Contract testing in CI

Validate implementation matches spec:

# schemathesis — property-based testing against OpenAPI spec
import schemathesis

schema = schemathesis.from_path("openapi.yaml")

@schema.parametrize()
def test_api(case):
    case.call_and_validate()

Or use Pact/Dredd for request/response validation. Fail CI if the implementation drifts from the spec.

Versioning in the spec

Document API versioning and deprecation in the spec:

info:
  version: 2.0.0
  description: |
    ## Changelog
    ### v2.0.0 (2026-01-15)
    - BREAKING: Removed /api/v1/orders/{id}/items endpoint
    - Added cursor pagination to list endpoint
    ### v1.0.0 (2025-06-01)
    - Initial release

Mark deprecated endpoints:

/api/v1/orders/{orderId}/items:
  get:
    deprecated: true
    description: "Deprecated in v2.0. Use /api/v2/orders/{orderId}?include=items"

Documentation UX that gets used

Specs nobody reads fail the same way as no spec:

paths:
  /orders:
    post:
      x-codeSamples:
        - lang: curl
          source: |
            curl -X POST https://api.example.com/orders \
              -H "Authorization: Bearer $TOKEN" \
              -H "Content-Type: application/json" \
              -d '{"items": [{"sku": "ABC", "qty": 1}]}'

Linting and breaking change detection

# Redocly — breaking change detection between versions
redocly diff openapi-v1.yaml openapi-v2.yaml --fail-on-incompatible

# Spectral — style and security rules
spectral lint openapi.yaml --ruleset .spectral.yaml

CI pipeline: lint on PR, diff against main on release branches, block merge on incompatible changes without major version bump.

Multi-spec federation

Microservices with separate specs need aggregation:

Don't merge 40 service specs into one 10,000-line file — publish federated catalog with search.

Pair with microservices contract testing Pact to verify implementations match published OpenAPI contracts.

Common production mistakes

Teams get documentation openapi wrong in predictable ways:

API design for documentation openapi frustrates clients when pagination cursors expire silently, error bodies lack stable machine-readable codes, and rate limits return 429 without Retry-After headers.

Resources

Frequently asked questions

What is OpenAPI and why use it for API documentation?

OpenAPI (formerly Swagger) is a machine-readable specification format for describing REST APIs — endpoints, parameters, request/response schemas, authentication, and error codes. It generates interactive documentation (Swagger UI), client SDKs, server stubs, and mock servers from a single source of truth.

Should I write the OpenAPI spec first or generate it from code?

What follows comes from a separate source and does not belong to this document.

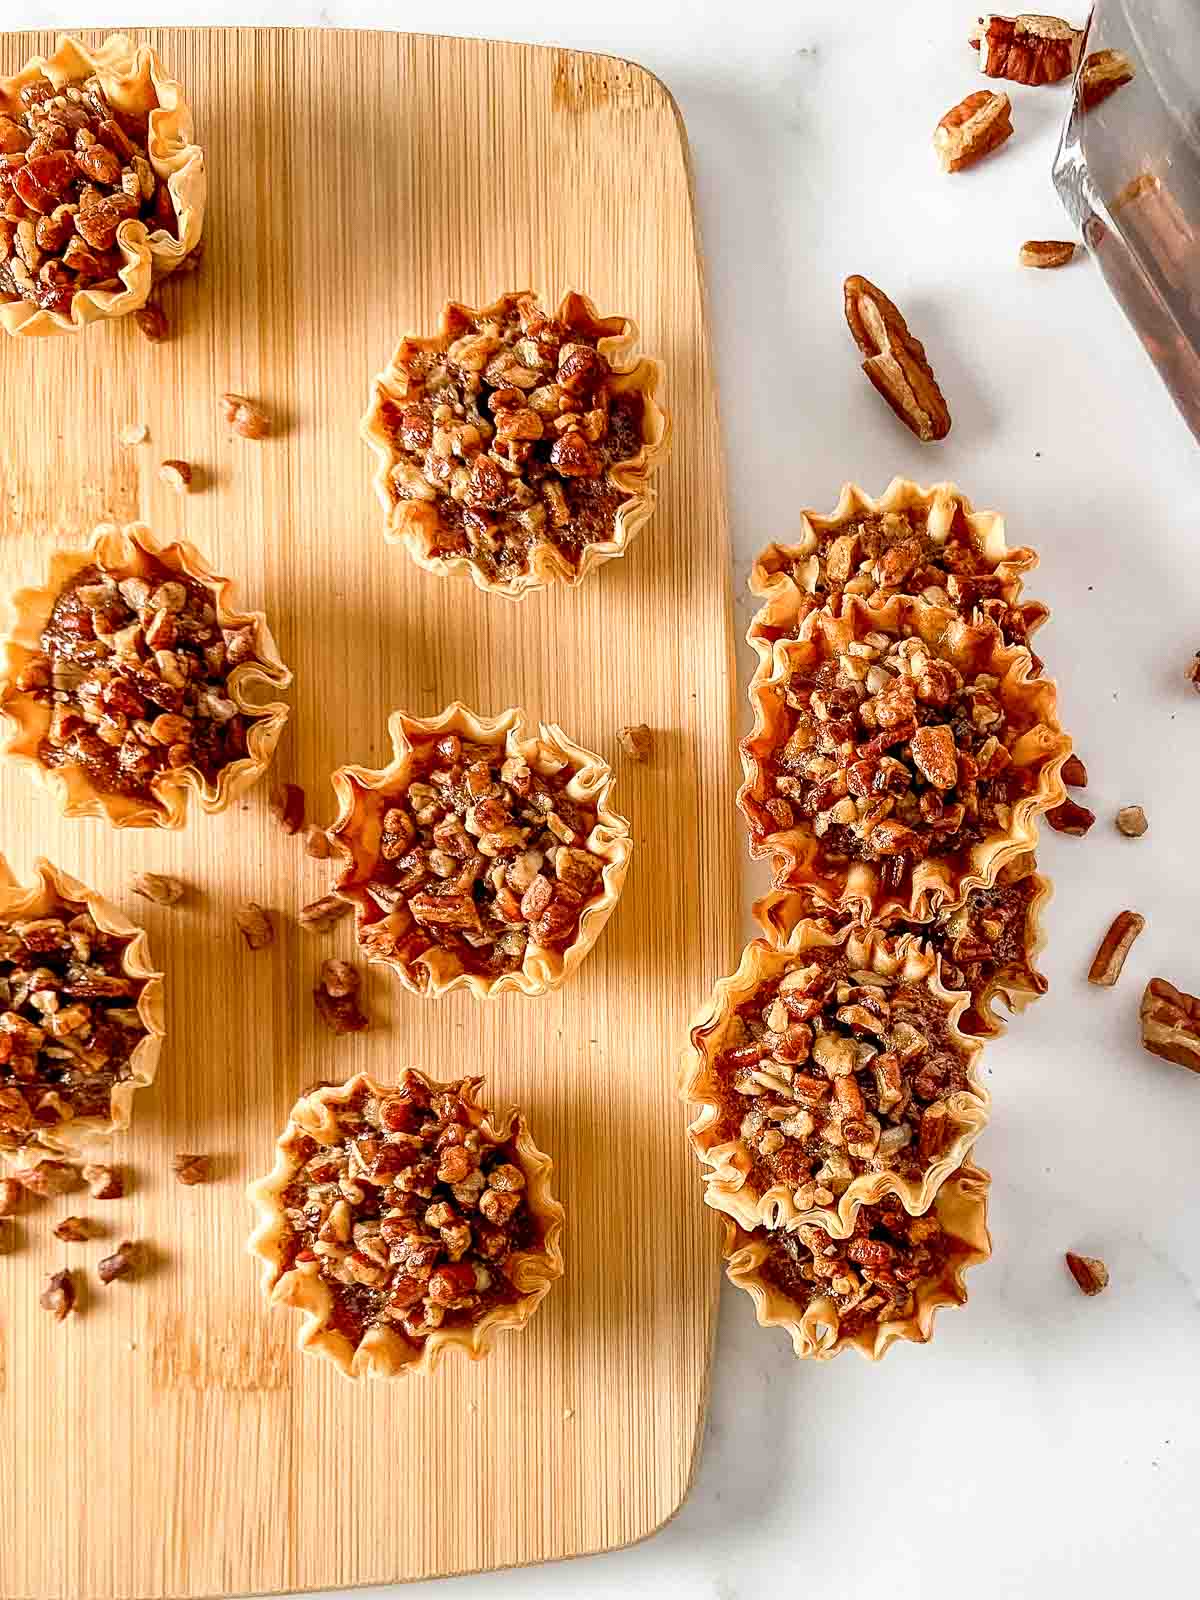 Cutting board with phyllo cup pecan pie bites arranged on it

Spec-first (design the API in OpenAPI before coding) produces better API design and enables parallel frontend/backend development. Code-first (generate spec from annotations) stays in sync automatically but produces specs that mirror implementation quirks rather than ideal design. Use spec-first for public APIs; code-first is acceptable for internal services.

How do I keep OpenAPI docs in sync with the implementation?

In spec-first workflows, validate implementation against the spec in CI using contract tests. In code-first workflows, generate the spec as a CI artifact and diff against the previous version. Either way, treat spec changes as breaking-change review items.